In cases where it is **assumed that deformation** is within the elastic range and that displacements are small, the quickest way to compute deflection at a specific location is by utilizing the area's properties under the bending moment diagram. In other words, the curvature of the beam is proportional to the associated bending moment.

Constructing SFDs and BMDs is an important first step to beam analysis. You can determine the magnitude and nature of internal forces through equilibrium equations and use them to determine the stresses, curvature, and deflection at any point in a beam.

So far, we’ve mostly discussed straight, simply-supported beams with rectangular cross-sections. But in reality, beams come in various shapes and sizes and are made from diverse materials. Also, beam loading is rarely consistent, and support arrangements can be highly varied. From cantilevered to fixed supports or simply supported with overhangs and continuous beam runs, real-world supports never perfectly match theory. So it’s important to understand that the process described in this article, and most analysis software are approximations of reality.

This makes the application of beam analysis in the field more complex. But when you reduce these more complicated problems down to their basic principles, you will still follow the same general steps outlined in this article.

Some beam cross-sections are more efficient than others regarding resisting bending and contending with biaxial moments and flexural and shear forces. Commonly, you’ll see beams with an I-shaped cross-section (shown below) used in construction.

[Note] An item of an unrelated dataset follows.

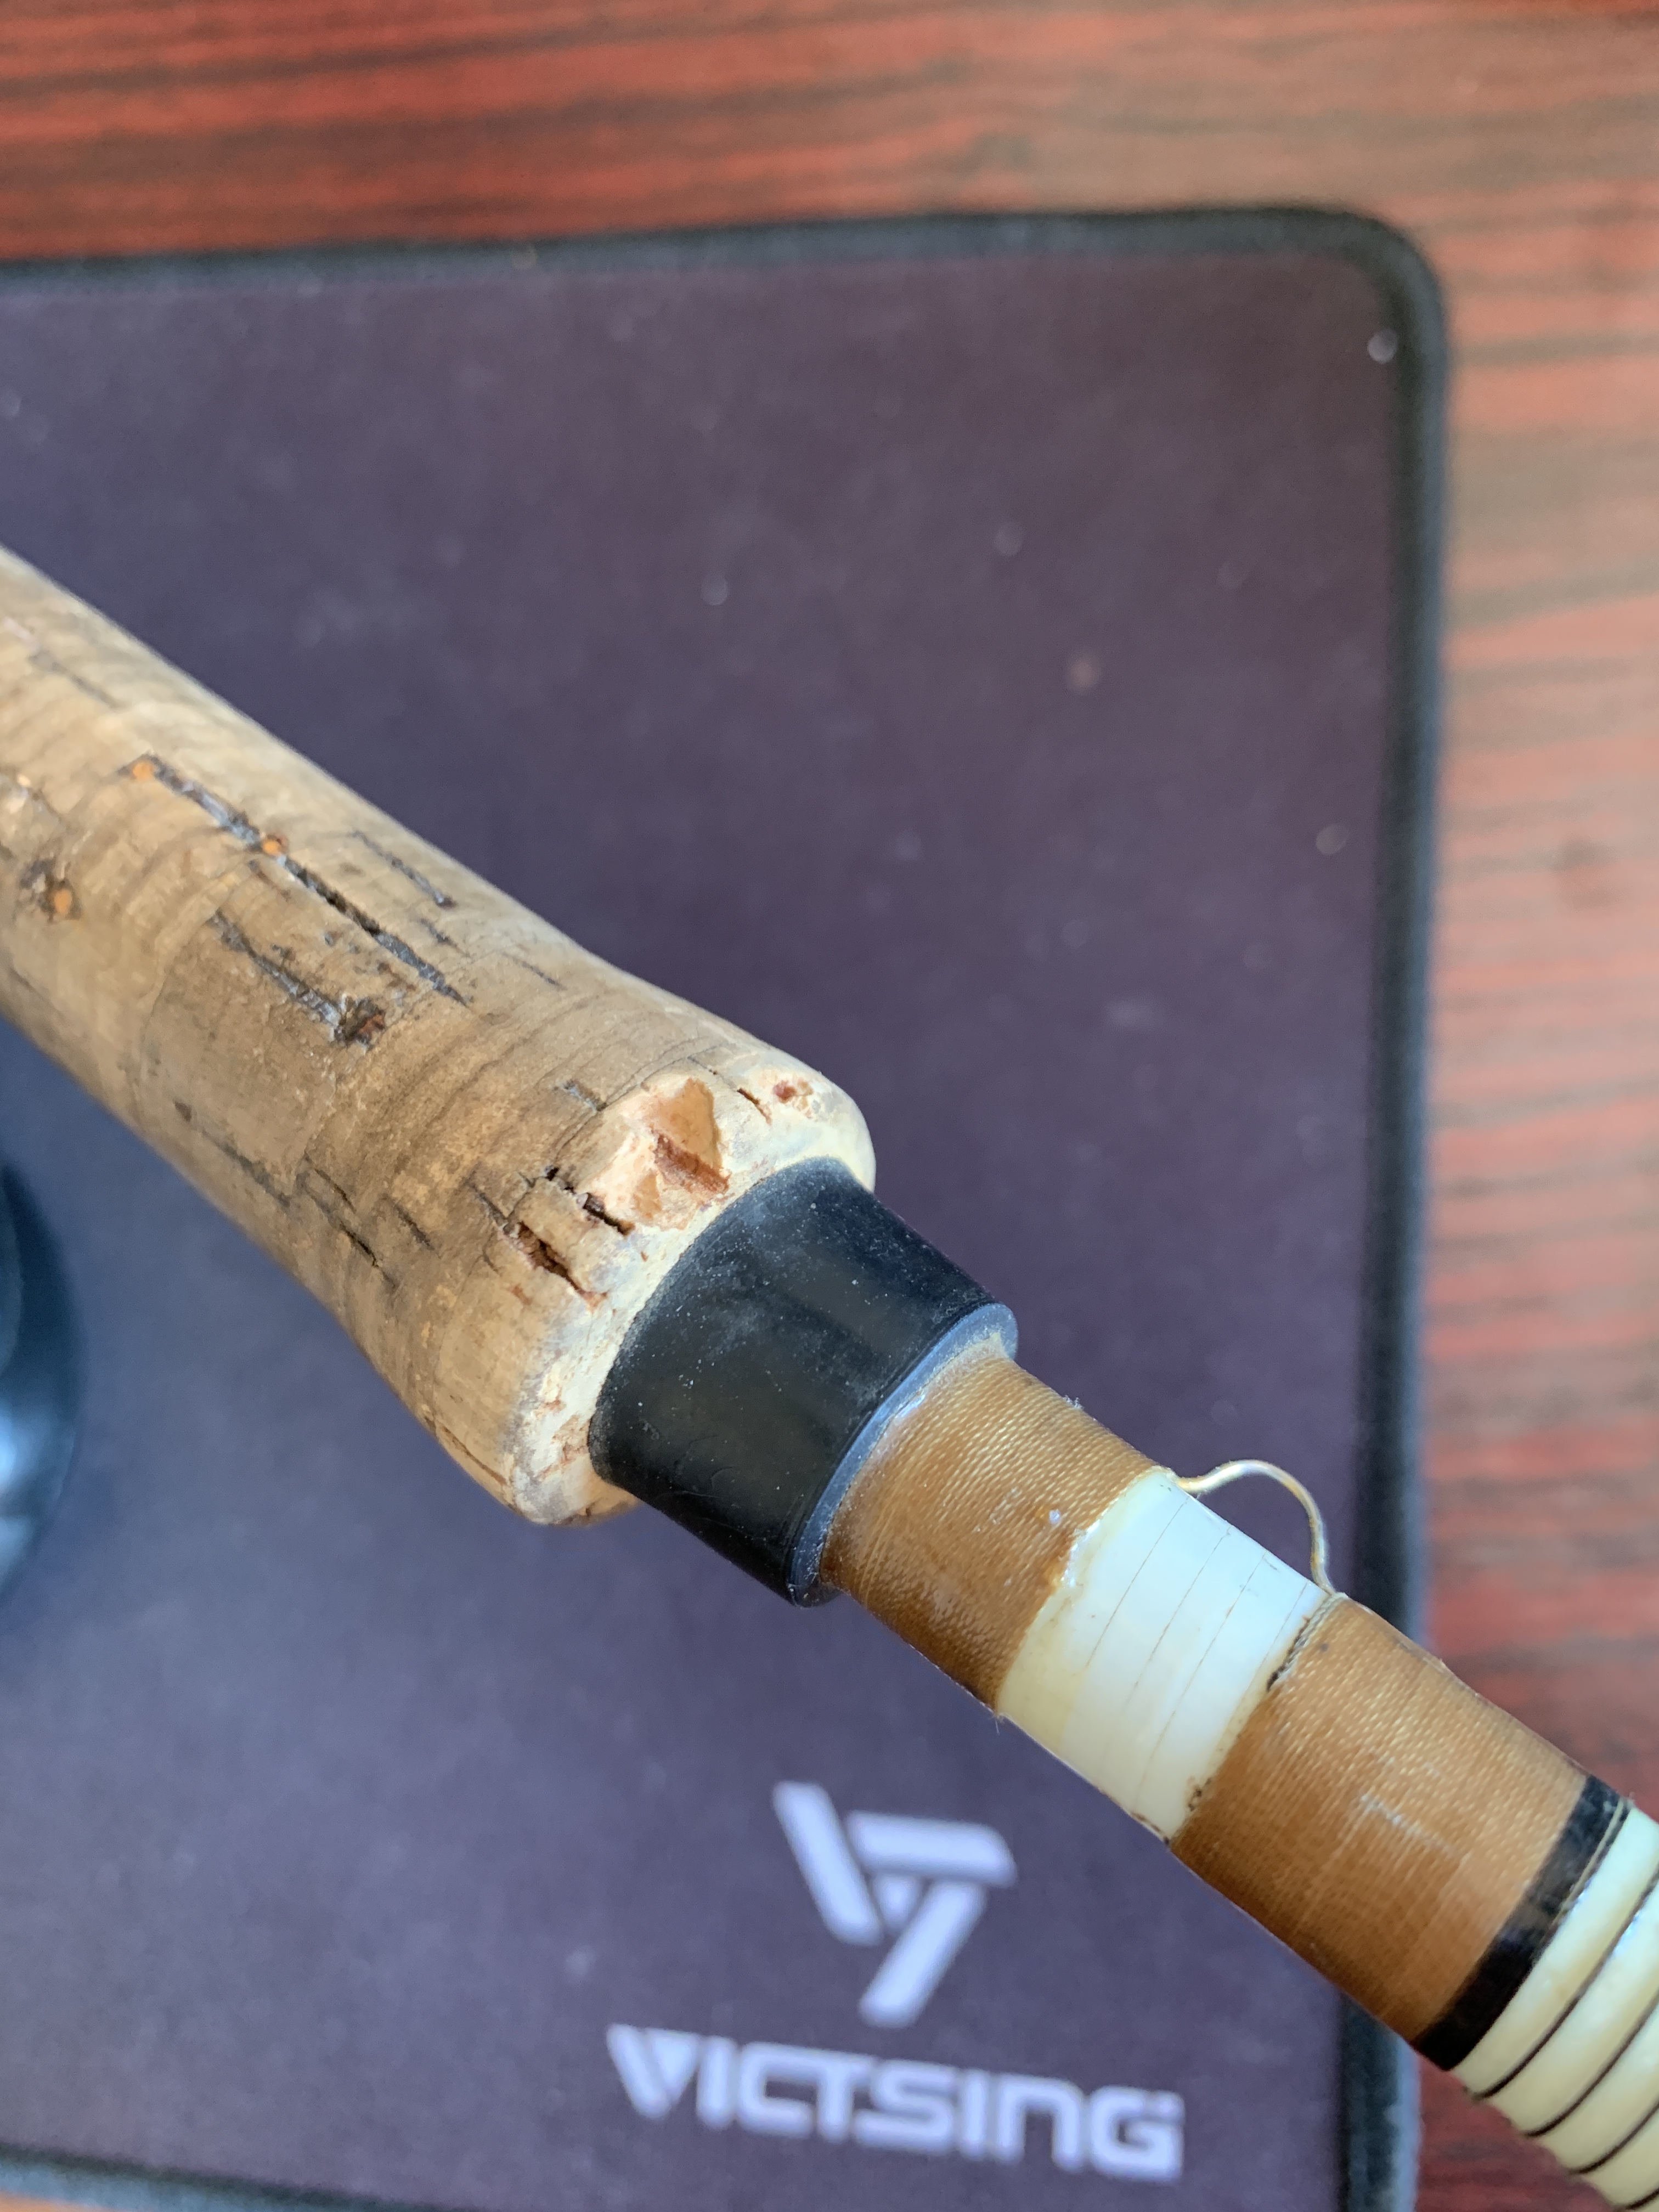 Advice on repairing chip in cork handle

Cross-sectional properties, like the second moment of area (I), determine a section’s resistance to bending and deflection and has many uses in other engineering applications.

As it turns out, an I-beam is one of the most efficient beam cross-sections because it is stiffer and has a larger second moment of area, so it is more resistant to bending and deflection than a simpler beam cross-section like a rectangle or square. We’ve written an article explaining this theory in detail - read it here!

Knowing where to reinforce a beam and how much reinforcement is required to resist bending moments and stresses induced ensures that structural members will not crack or fail under loading. This knowledge is acquired after mastering BMDs. Whether a beam requires stirrups and how far apart they should be spaced along a beam to resist shear stresses can only be done if you know about the internal forces in a beam and how to visualize them through an SFD.

This process can be done manually, as we have demonstrated here, but the process is time-consuming and gets more complicated when you have to analyze members in a complex structure. This is often done with the help of software. Nevertheless, understanding the basic techniques is essential knowledge, and it will allow you to understand better structural mechanics, material properties, design principles, and failure mechanisms in structural design.